● **TASK ITEM**: Return the following data exactly, with all pictures left out.

#### DATA PROVIDED ####

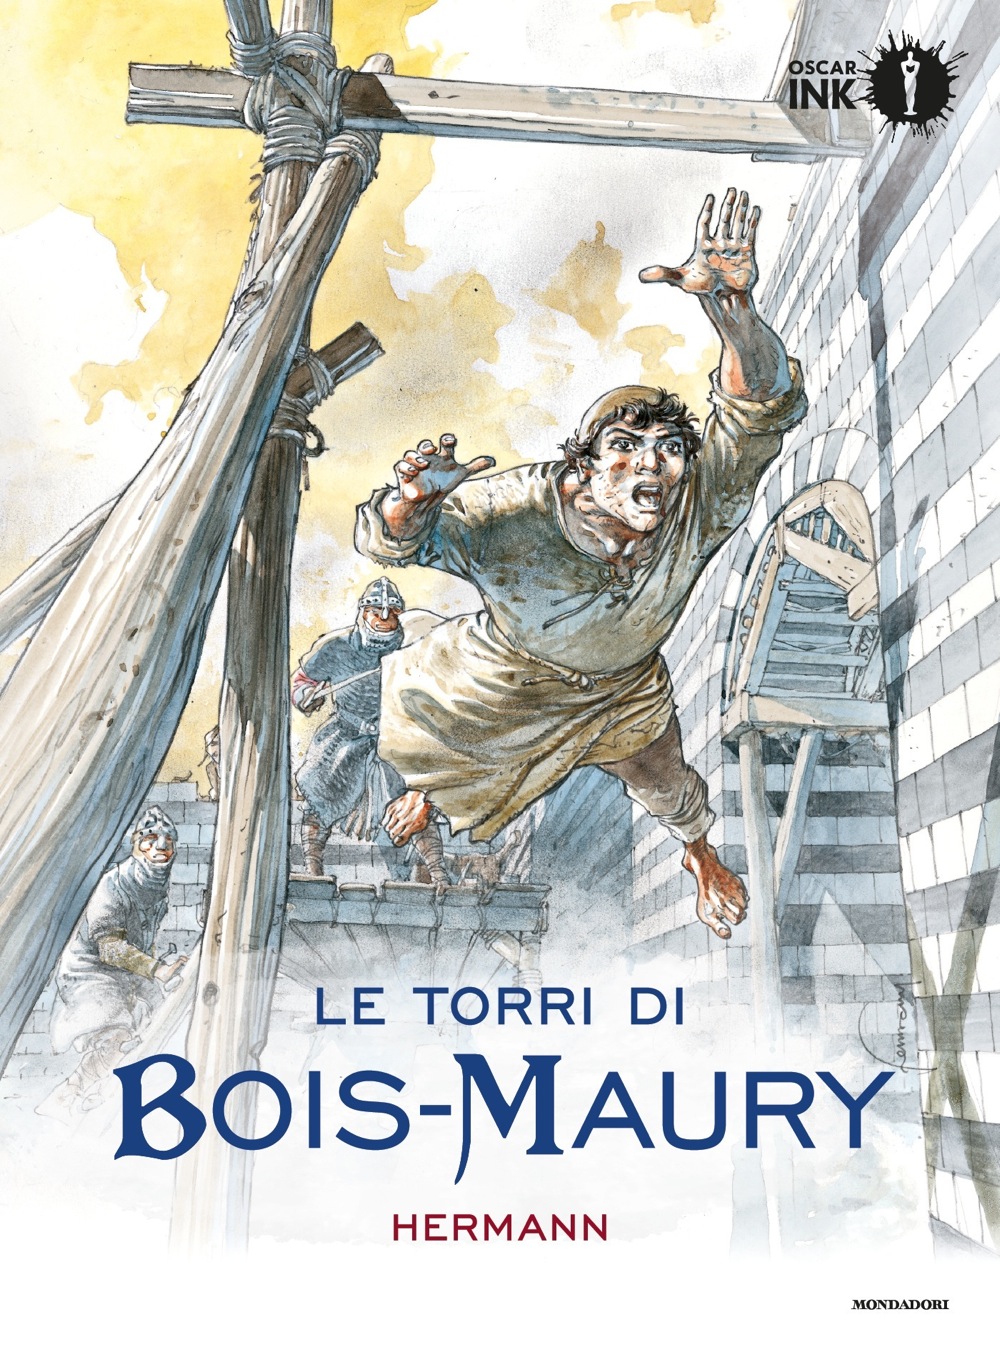 Torri Di Bois-Maury L'integrale Mondadori Oscar Ink
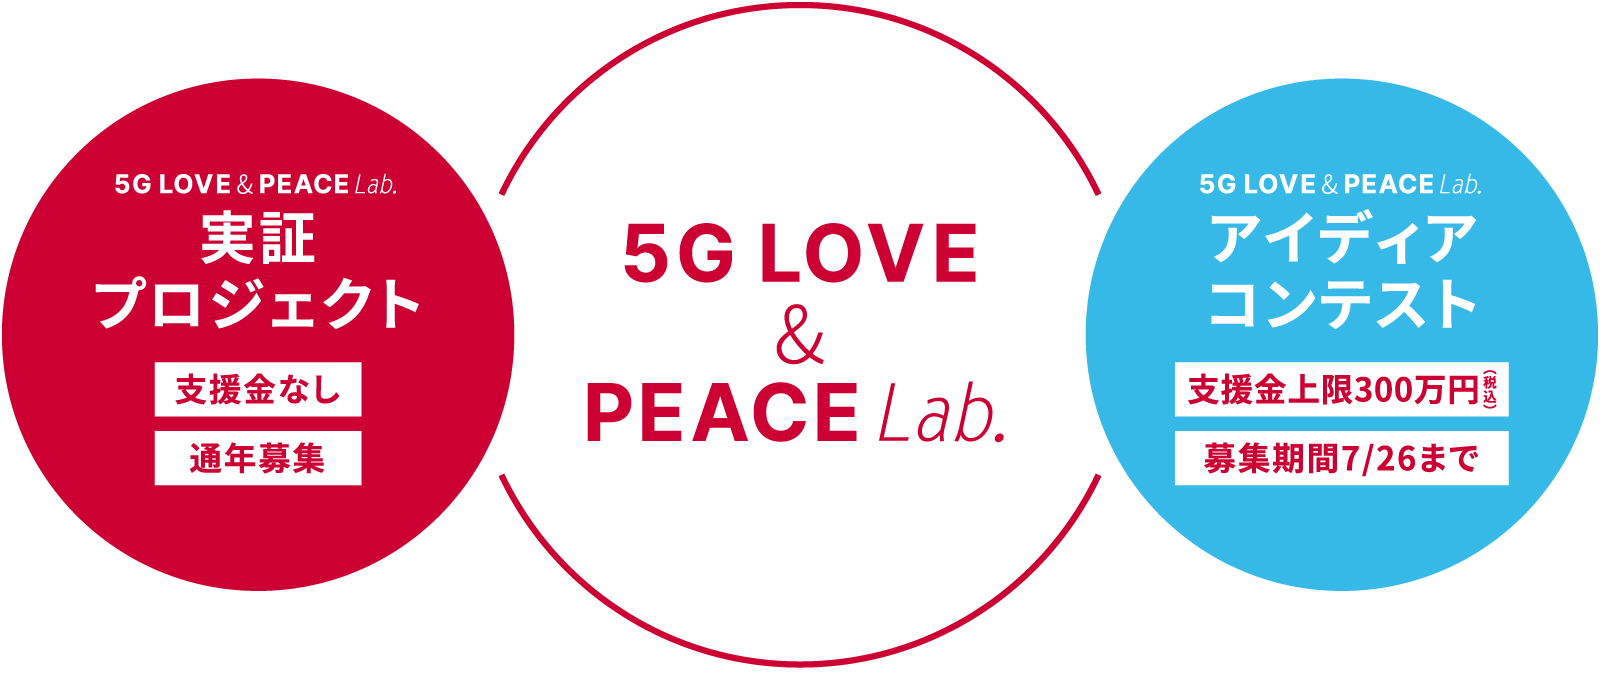 5G LOVE & PEACE Lab.について
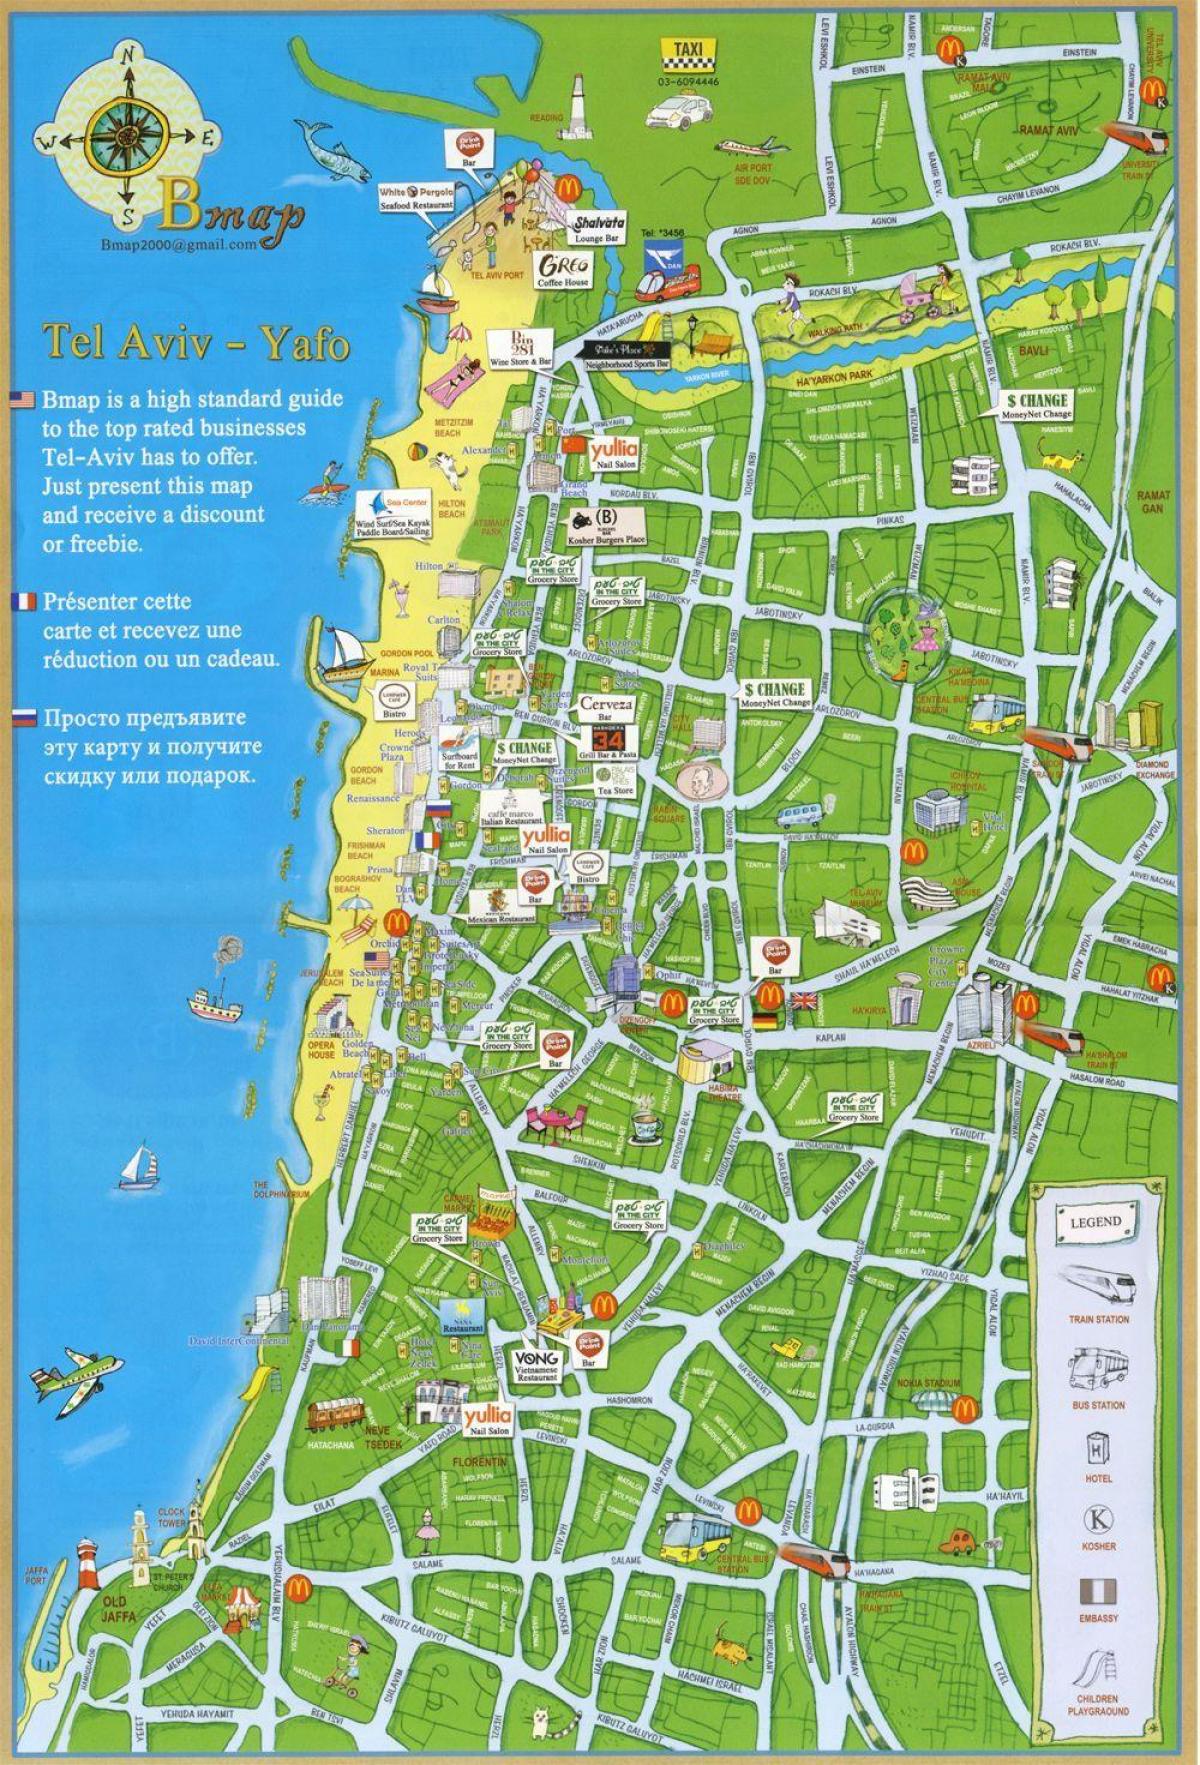 Tel Aviv attractions map

####

● **SOLUTION TO THIS TASK**:
 Torri Di Bois-Maury L'integrale Mondadori Oscar Ink
 5G LOVE & PEACE Lab.について
 Tel Aviv attractions map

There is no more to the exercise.